How Databricks Powers Stantec’s Flood Predictor Engine


It is a collaborative put up between Stantec and Databricks. We thank ML Operations Lead Assaad Mrad, Ph.D. and Information Scientist Jared Van Blitterswyk, Ph.D. of Stantec for his or her contributions.

 

At Stantec, we got down to develop the primary ever fast flood estimation product. Flood Predictor is constructed upon a ML algorithm educated on high-quality options. These options are a product of a function engineering course of that ingests information from quite a lot of open datasets, performs a collection of geospatial computations, and publishes the ensuing options to a function retailer (Determine 1). Sustaining the reliability of the function engineering pipeline and the observability of supply, intermediate, and resultant datasets guarantee our product can convey worth to communities, catastrophe administration professionals, and governments. On this weblog put up, we’ll clarify a number of the challenges we’ve encountered in implementing manufacturing grade geospatial function engineering pipelines and the way the Databricks suite of options have enabled our small staff to deploy manufacturing workloads.

Figure 1: Data flow and machine learning overview for flood predictor from raw data retrieval to flood inundation maps. Re-used from [2211.00636] Pi theorem formulation of flood mapping (arxiv.org).
Determine 1: Information circulate and machine studying overview for flood predictor from uncooked information retrieval to flood inundation maps. Re-used from [2211.00636] Pi theorem formulation of flood mapping (arxiv.org).

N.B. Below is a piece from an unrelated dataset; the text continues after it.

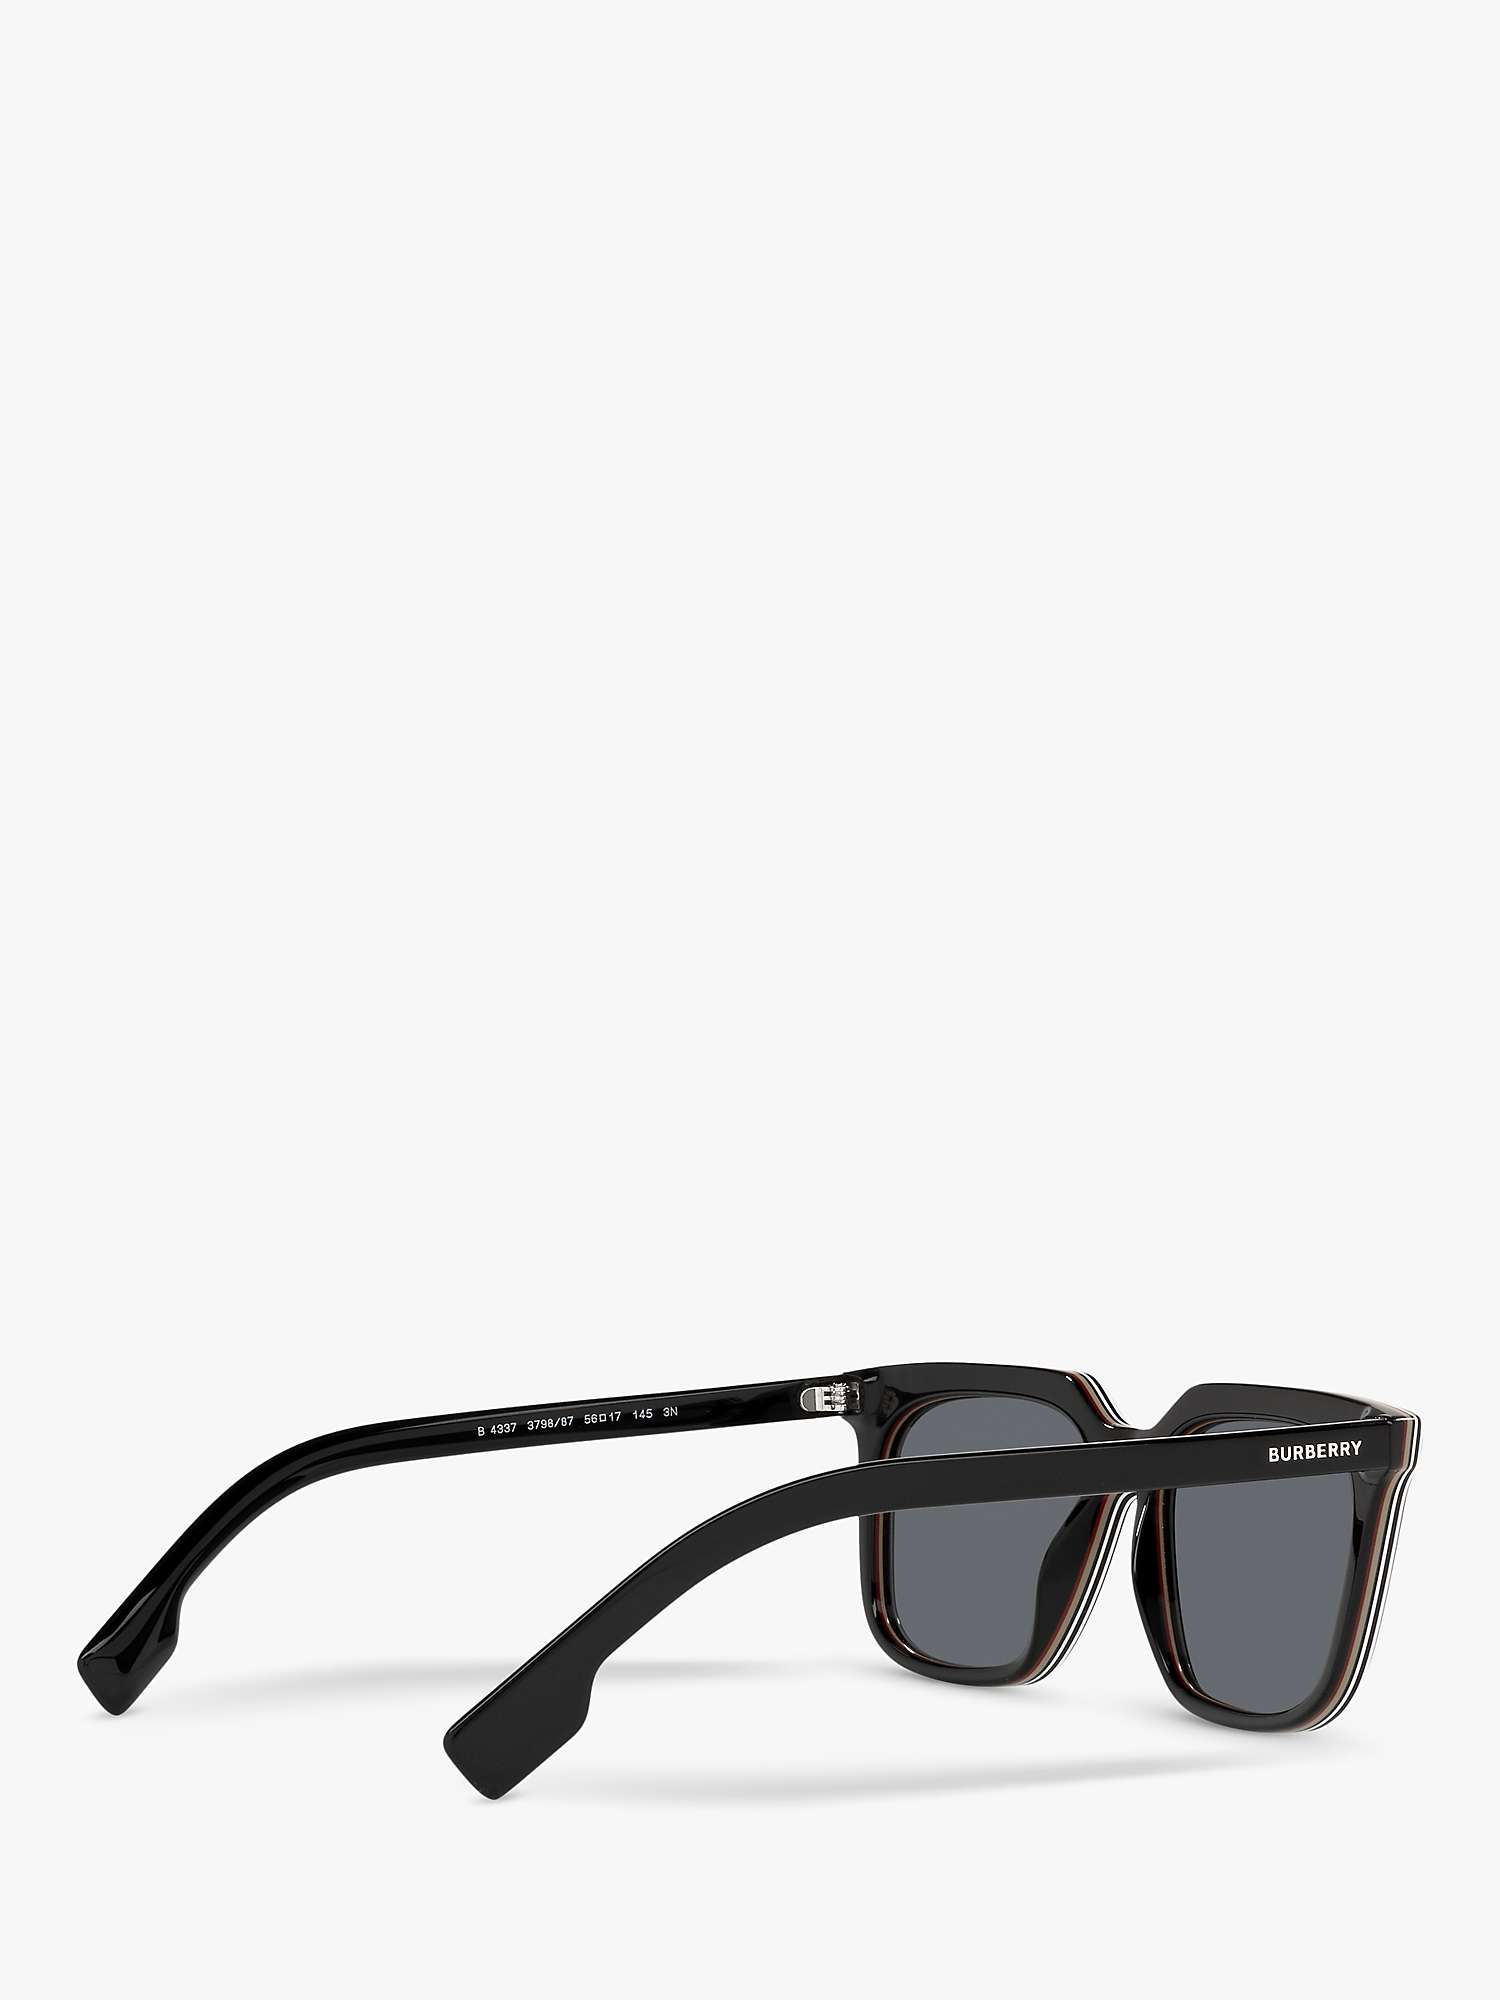 Buy Burberry BE4337 Men's Square Sunglasses Online at johnlewis.com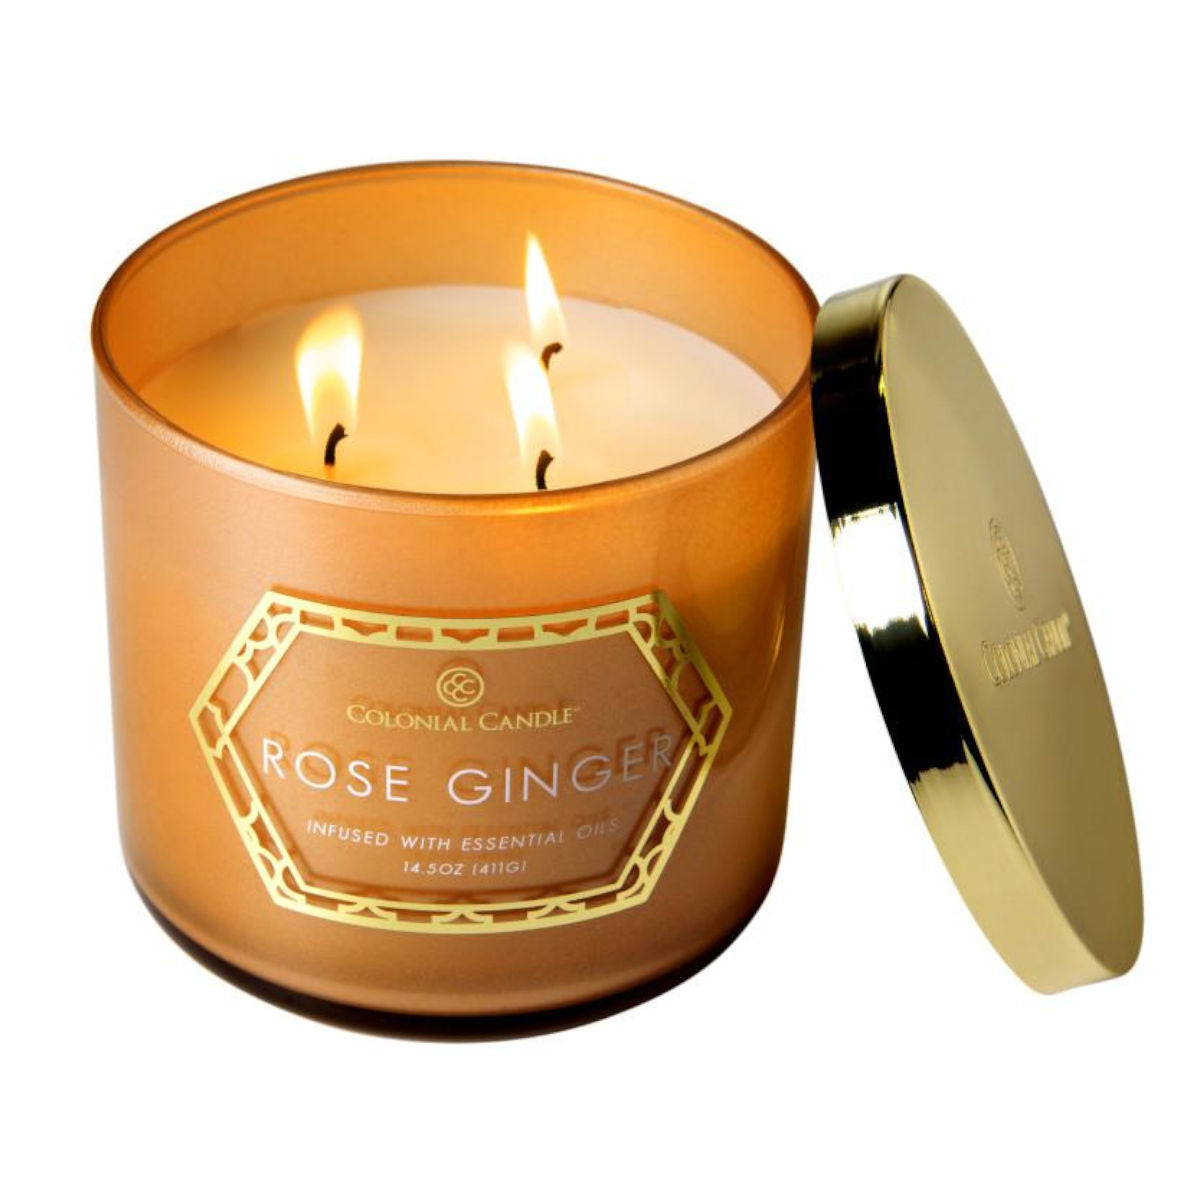 Colonial Candle - Geo Luxe Rose Ginger - sojablend geurkaars 411 gram - vooraanzicht met gouden deksel , geuren van roos, citroen, cyclaam en kersenbloesem - brandende kaars met drie lonten en gouden deksel

The abundance of distant sensing information offers the potential of fast, correct, and data-driven flood prediction and mapping. Flood prediction will not be simple, nevertheless, as every panorama has distinctive topography (e.g., slope), land use (e.g., paved residential), and land cowl (e.g., vegetation cowl and soil sort). A profitable mannequin could be explainable (engineering requirement) and basic: capable of carry out effectively over a variety of geographical areas. Our preliminary method was to make use of direct derivatives of the uncooked information (Determine 2) with minimal processing like normalization and encoding. Nevertheless, we discovered that the generalization of the predictions was not ample, mannequin coaching was computationally costly and the mannequin was not explainable. To handle these points, we leveraged Buckingham Pi theorem to derive a set of dimensionless options (Determine 3); i.e. options that don’t depend upon absolute portions however on the ratio of mixtures of hydrologic and topographic variables. Not solely did this scale back the dimensionality of the function area, however the brand new options seize the similarity within the flooding course of throughout a variety of topographies and local weather areas.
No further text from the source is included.